Great Blue Heron: 2011

great blue heron
Great Blue Heron

I found her in her favorite morning fishing spot, though she grew angry and flew farther downstream before I had my camera ready. I readied my lens and crept to the top of the bank as off she flew!

This isn’t in a park or conservation area, this is right in the middle of Carnegie. I dropped my car off for service and walked back home, dipping down by the creek, studying a few industrial areas, walking down a few alleys instead of main streets and then walking on Main Street itself.
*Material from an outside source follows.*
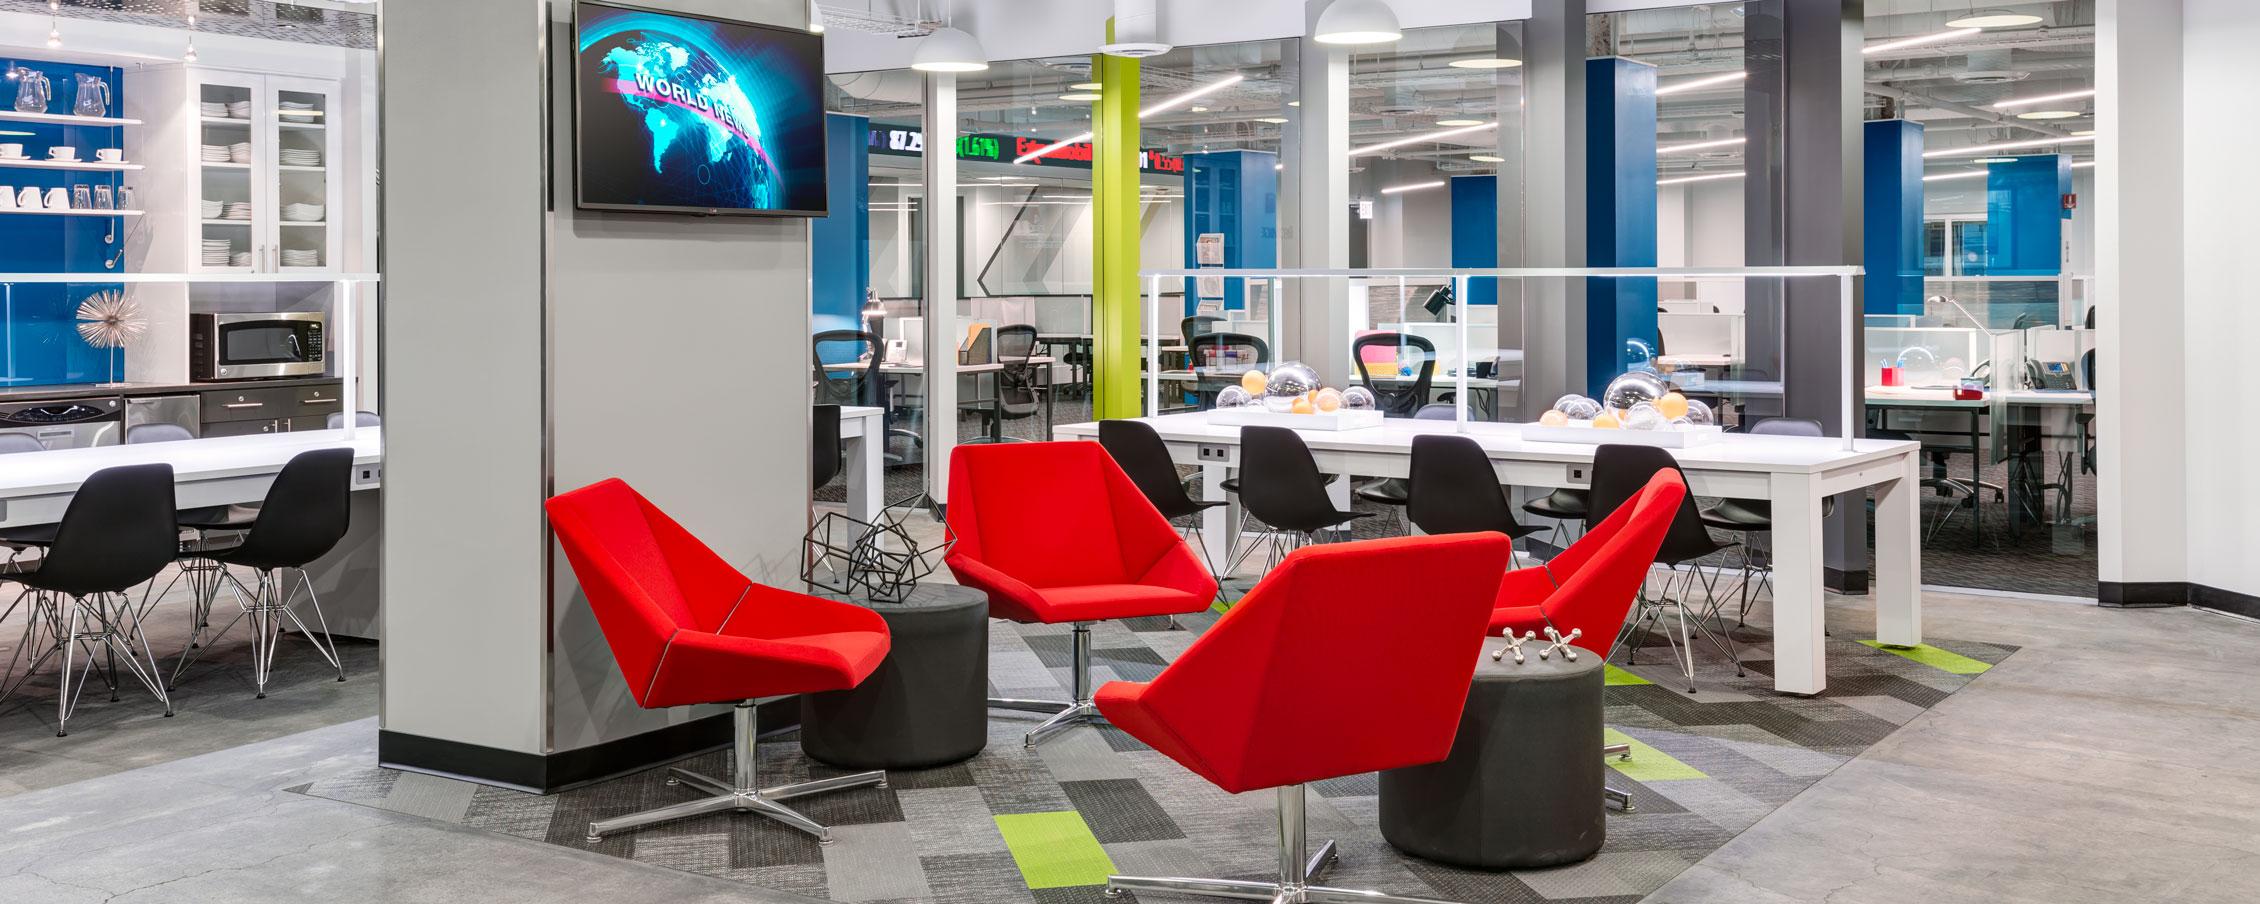 Regus Creates Workspaces Of The Future American Builders Quarterly

Chartiers Creek winds through the middle of town and beyond in both directions, and a colony of great blue herons nests about 11 miles away, considering the entirety of the creek’s channel as their hunting ground. For the most part the creek is less than a foot deep, and today the air turned slightly warmer again, warming the water and bringing out the small creek fish, carp and darters. The heron stands on the gravel on a shallow edge of the creek and as the fish swim between her legs she just reaches down with that long neck and picks them out of the water with her beak like tweezers.

When the heron is standing still in the water, she is so slender that she looks like a twig or thin tree branch standing up in the water. But when she decides to fly she is hard to miss as she looks like a prehistoric creature, some sort of pterodactyl, with her long beak, long hooked neck and immense wingspan, plus those long gangly legs. Not to mention she is quite blue.

Those big, long wings are so graceful that I can’t even describe it.

I’ve been playing in this creek since I was a child. Both the heron and the fish she eats are signs that a creek horribly polluted by industrial waste has found a new life. I’m glad to see it coming back.

0 Comments

  1. Hoping you get this. Can you tell me where the heron nest is located along Chartiers Creek? I’d love to see it. Thanks!

    1. Jodi, it’s really only accessible from Chartiers Creek, which is probably one of the reasons they chose it. It’s in Upper St. Clair along one of the bends just before it gets to the Boyce-Mayview Road area. I wish I had a handy map but I can’t find any of the ones we used to have that marked the spot. We used to put-in with canoes at around the All-Clad plant on Morganza Road (it’s private property, you need permission), and paddle 15 to 20 minutes to get there if that gives you any idea. They always nest in the tops of sycamore trees and since they are the last to leaf out the nests are fairly easy to find once you get to the spot. If I find a map somewhere I’ll post the link.